---------- Data extract

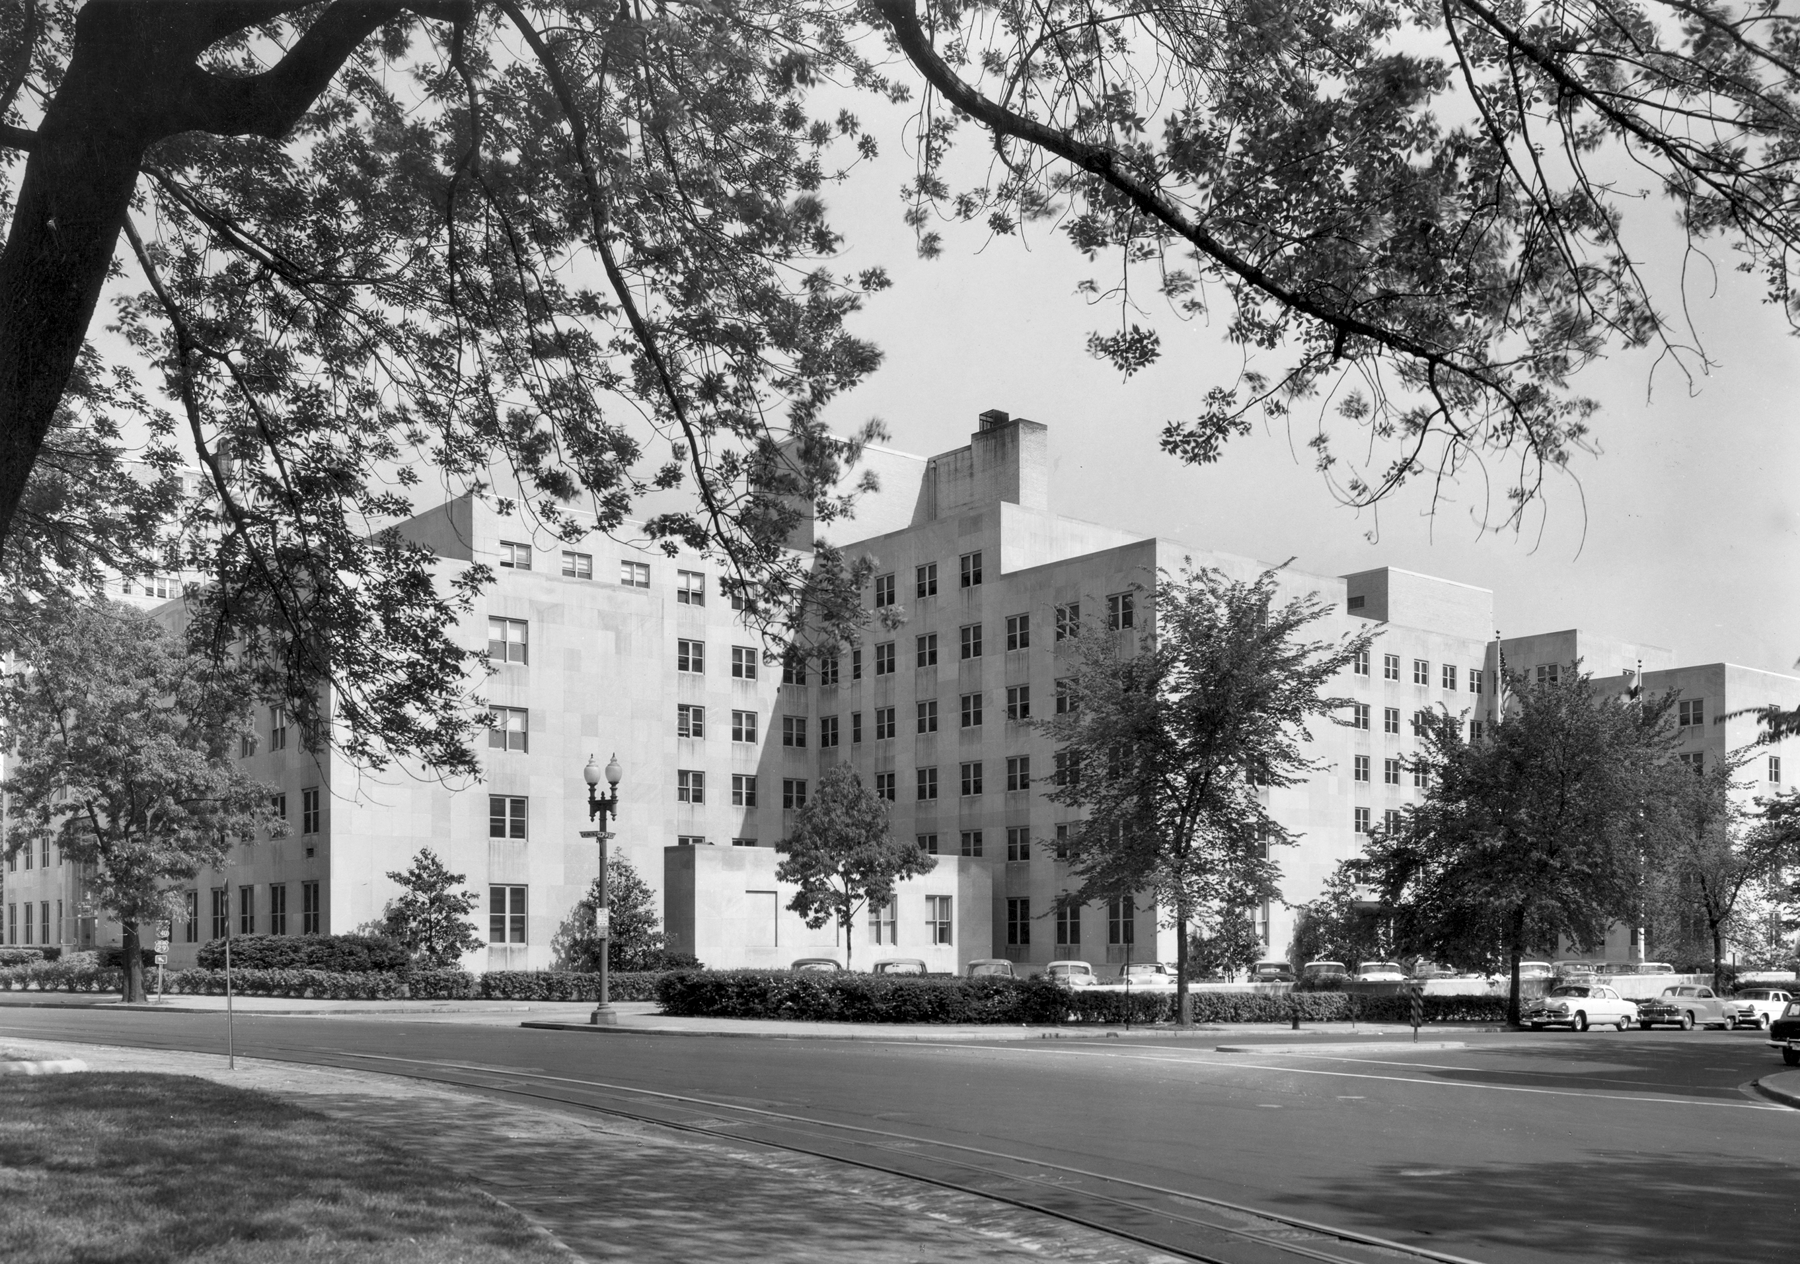 GW Hospital Circa 1955
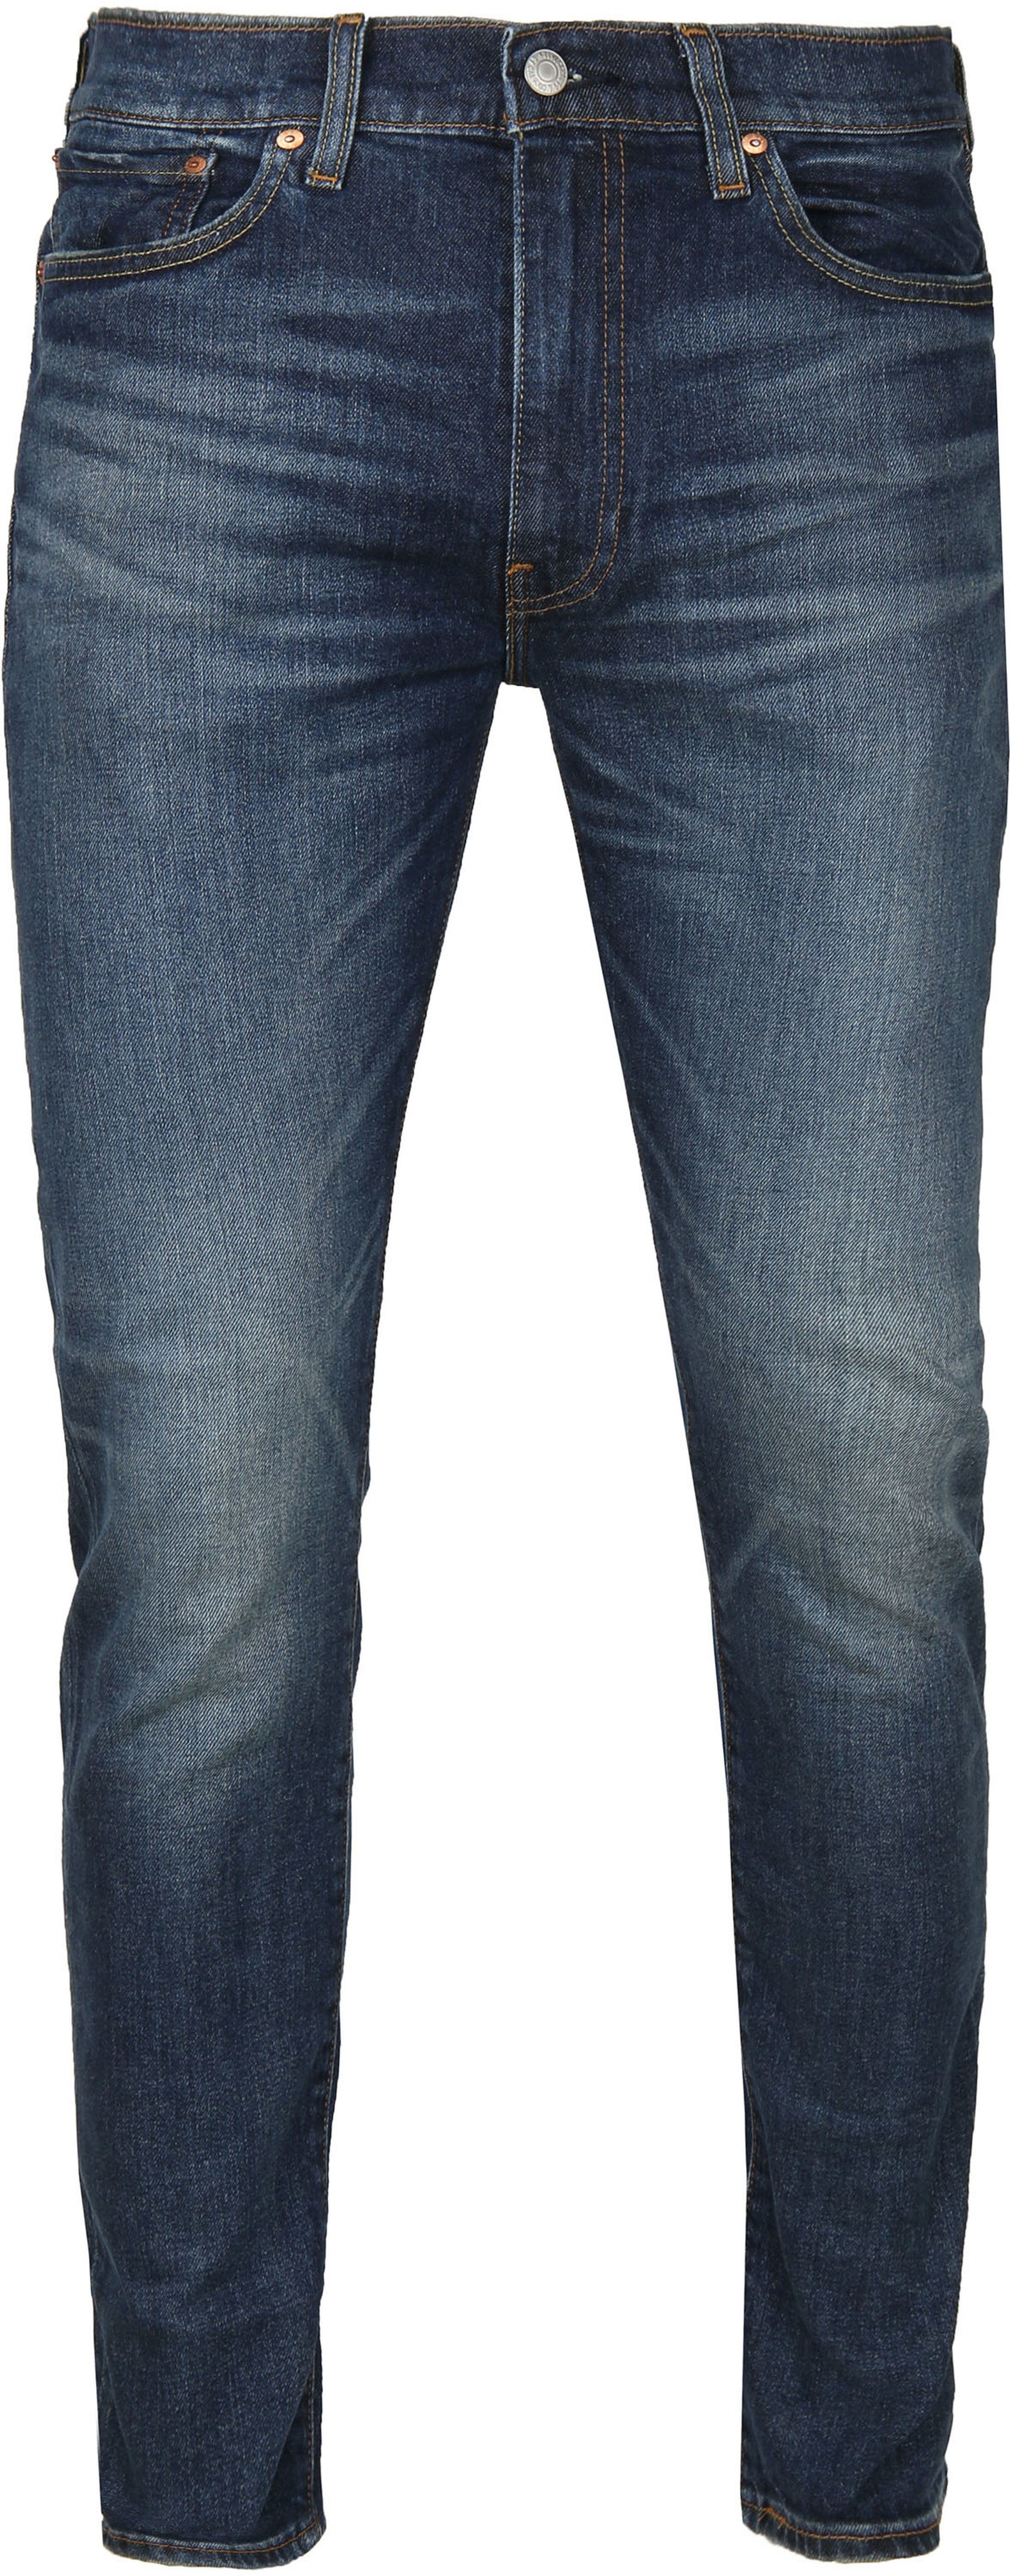 Levis - Levi's 512 jeans slim fit light denim blue size w 31
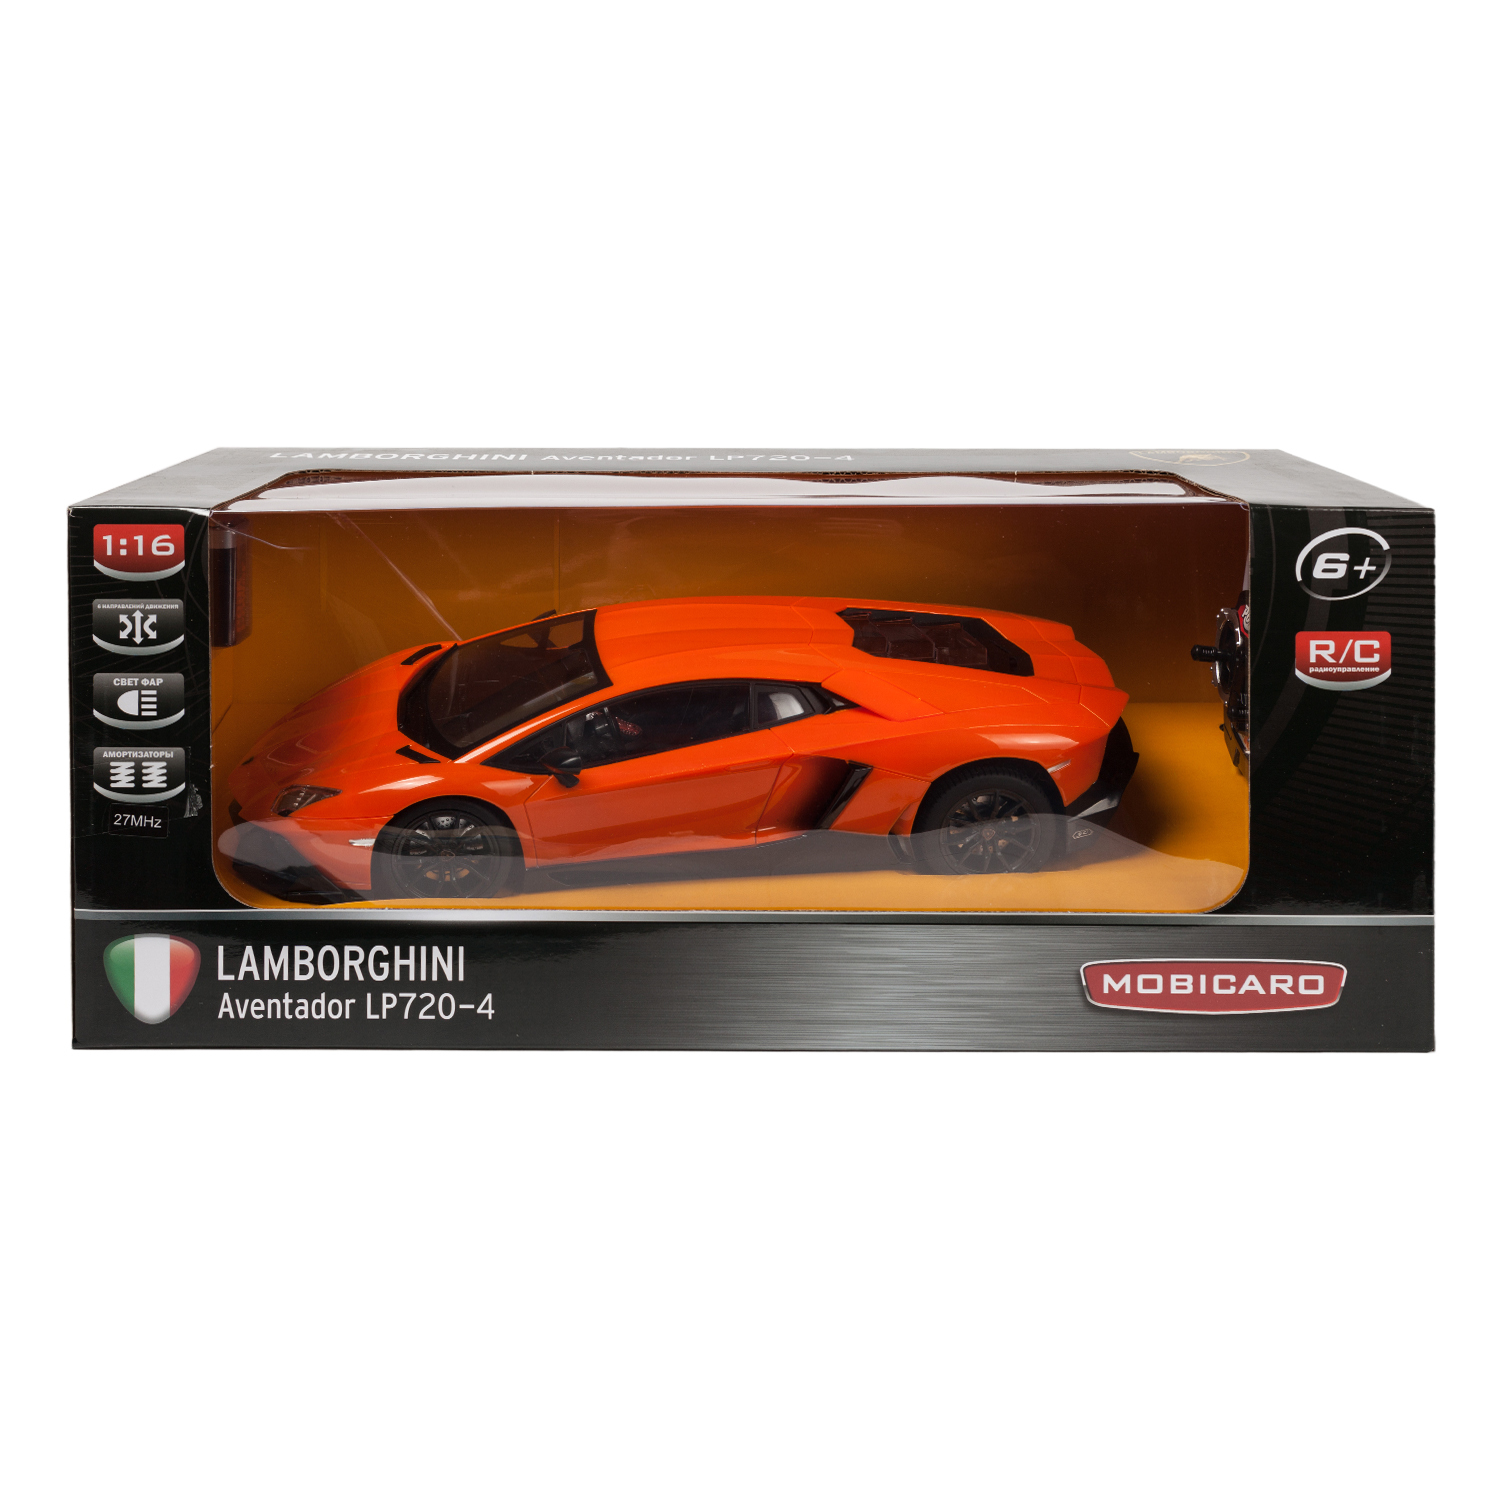 Машинка на радиоуправлении Mobicaro Lamborghini Aventador LP720-4 1:16 Оранжевая - фото 3

--------------------

→ **What this task involves**: Keep the pictures out, and write out the rest of the data above word for word.

→ **Task output**:
 GW Hospital Circa 1955
 Levis - Levi's 512 jeans slim fit light denim blue size w 31
 Машинка на радиоуправлении Mobicaro Lamborghini Aventador LP720-4 1:16 Оранжевая - фото 3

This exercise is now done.